MATERIAL PROVIDED:
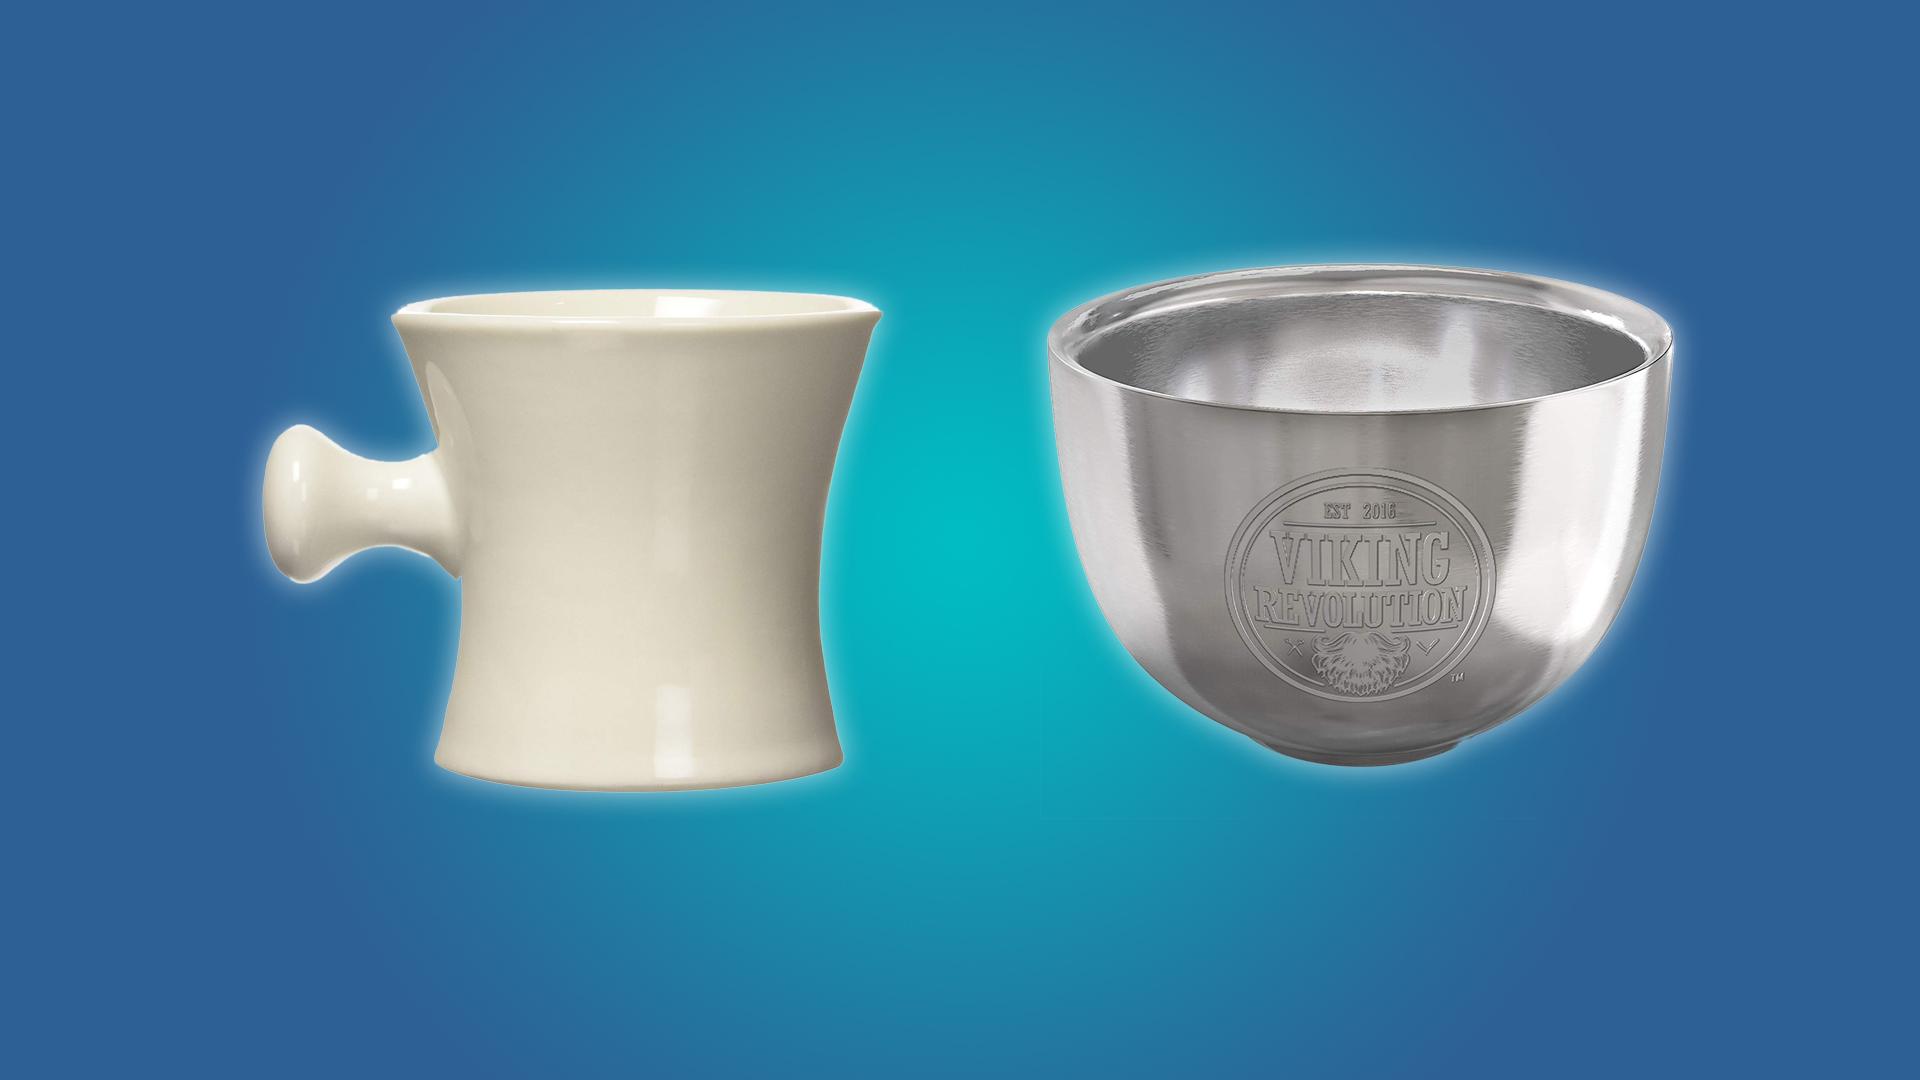 The Harry shaving mug and the Viking Revolution shaving bowl
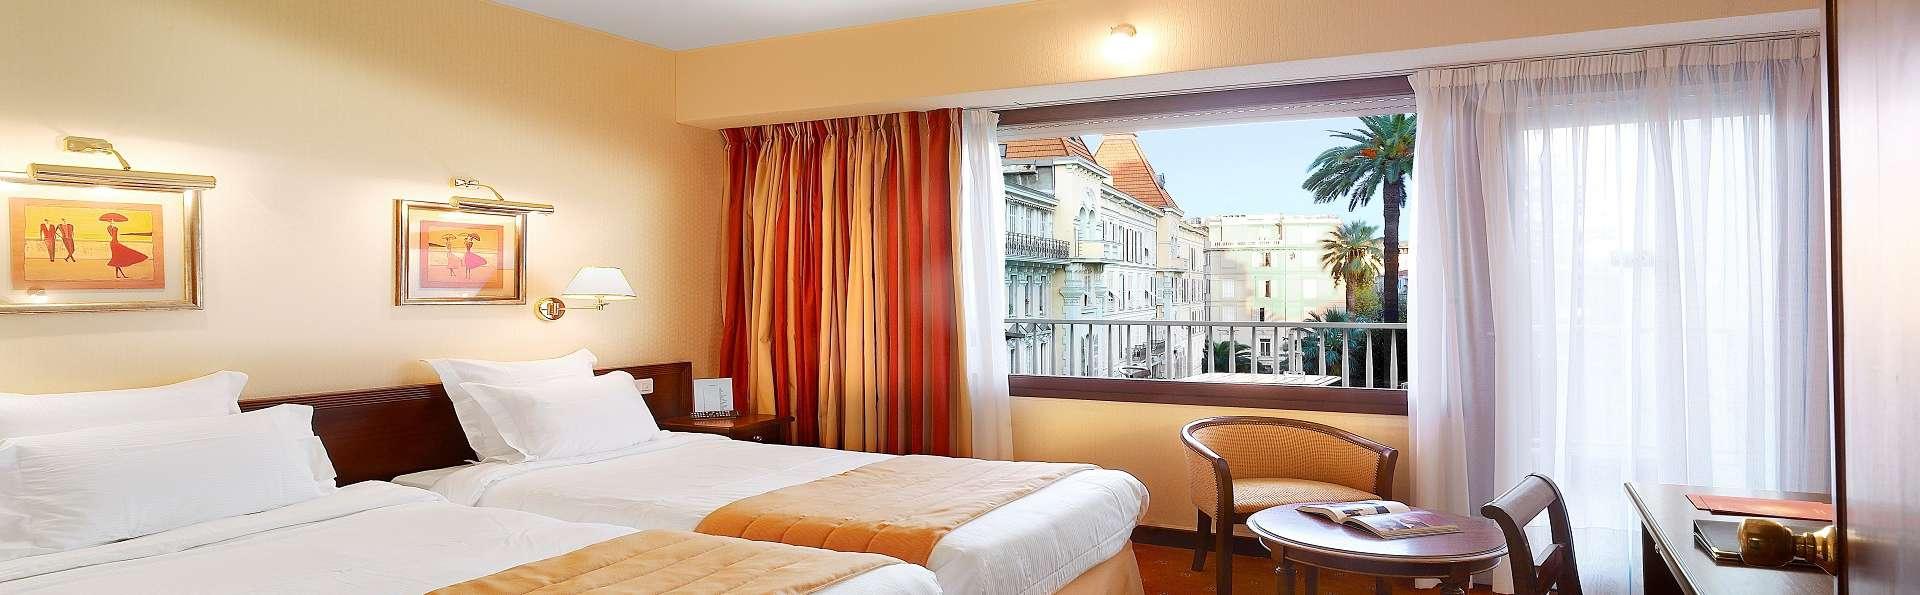 Splendid hôtel & Spa - CHAMBRE_STD_HARMONIE_TWB.jpg
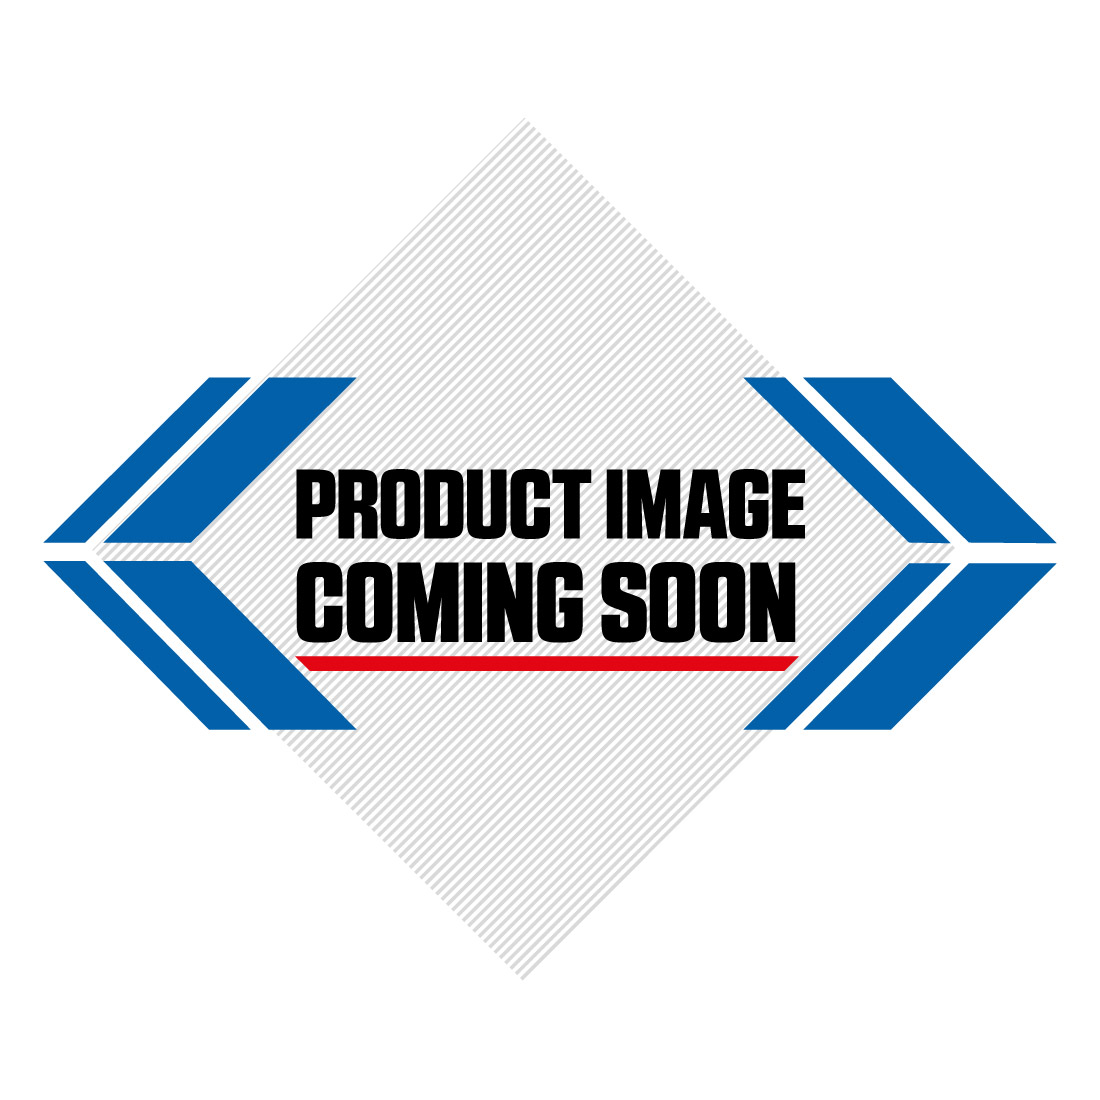 DJI Mavic Pro Platinum Drone Image-3

WHAT NEEDS TO BE DONE: Everything in the material except the pictures should be output verbatim.

SOLUTION TO THE PROBLEM:
 The Harry shaving mug and the Viking Revolution shaving bowl
 Splendid hôtel & Spa - CHAMBRE_STD_HARMONIE_TWB.jpg
 DJI Mavic Pro Platinum Drone Image-3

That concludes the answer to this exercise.